Besides, a lot of Donegal Catholics have Scottish planter lineage too who converted at some point along the way. They’re hardly more Irish because of that. Britain handing over the deeds to Northern Ireland would not have any positive transformative effect. Combining our forces will not create a land of milk and honey.
As the recent Life and Times survey bears out (see link above), this isn’t a niche opinion. Most people in Ireland, northern Catholics or otherwise, are much more concerned about tackling social and economic matters than eternally gazing through a national prism. Besides, Ireland has always been much more complex and interwoven than the irredentists like to imagine.

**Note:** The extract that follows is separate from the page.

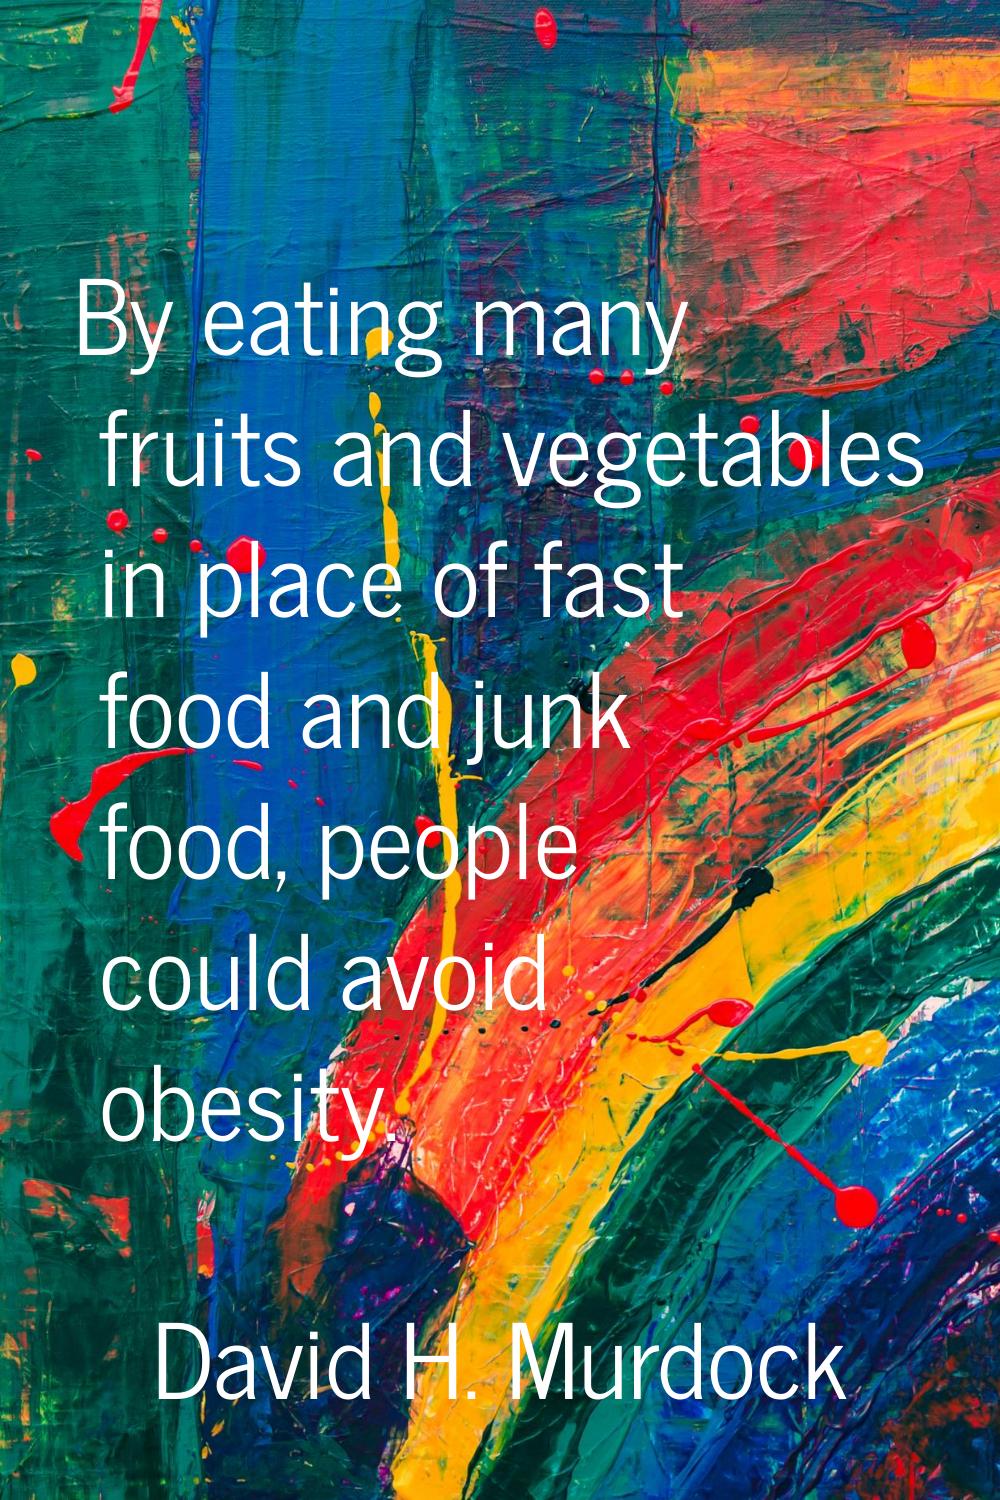 By eating many fruits and vegetables in place of fast food and junk food, people could avoid obesit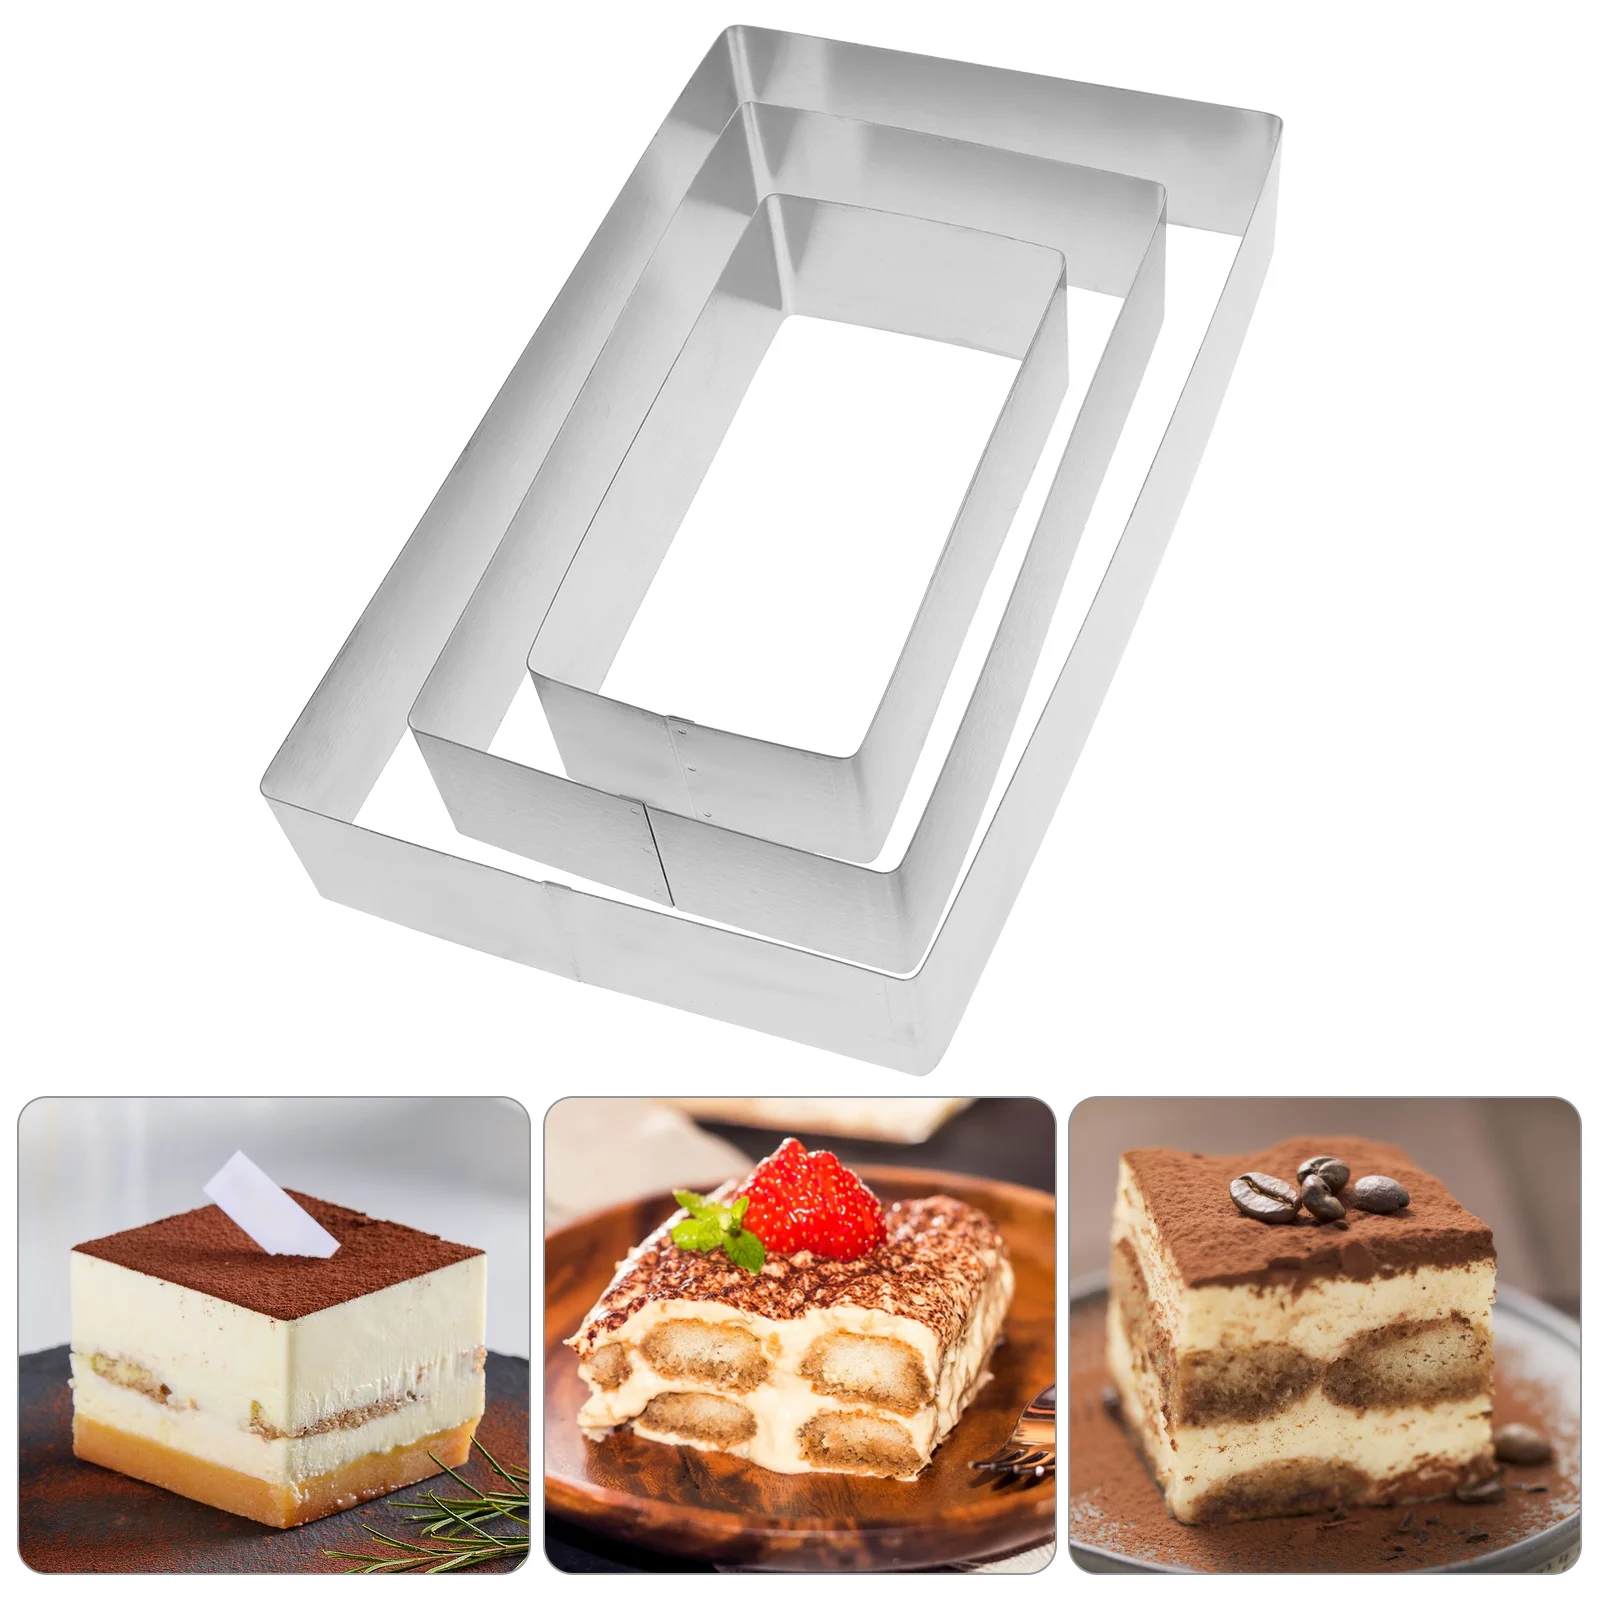 

3 Mousse Cake Mold Ring Stainless Steel Tiramisu Cheese Pie Pastry Rectangular Dessert Tool for Home Kitchen Silicone

Taking Donegal as an example, we have much more tangible connection with Glasgow than we do with Cork, lovely a place as it is. It’s much easier and quicker to get to Glasgow from Letterkenny than it is to Cork too. People where I’m from who live in the Republic often do a lot of their shopping, socializing and even working across the border, the presence of which forms no impediment to traveling or interacting. In Padraig Pearse’s proclamation nearly one hundred years ago, he talked about freedom and liberty, about equal rights and opportunity, about pursuing happiness and prosperity.
As our access to the world and its different cultures becomes greater and greater, so long as we fight for those principles does it really matter what flags are flying overhead?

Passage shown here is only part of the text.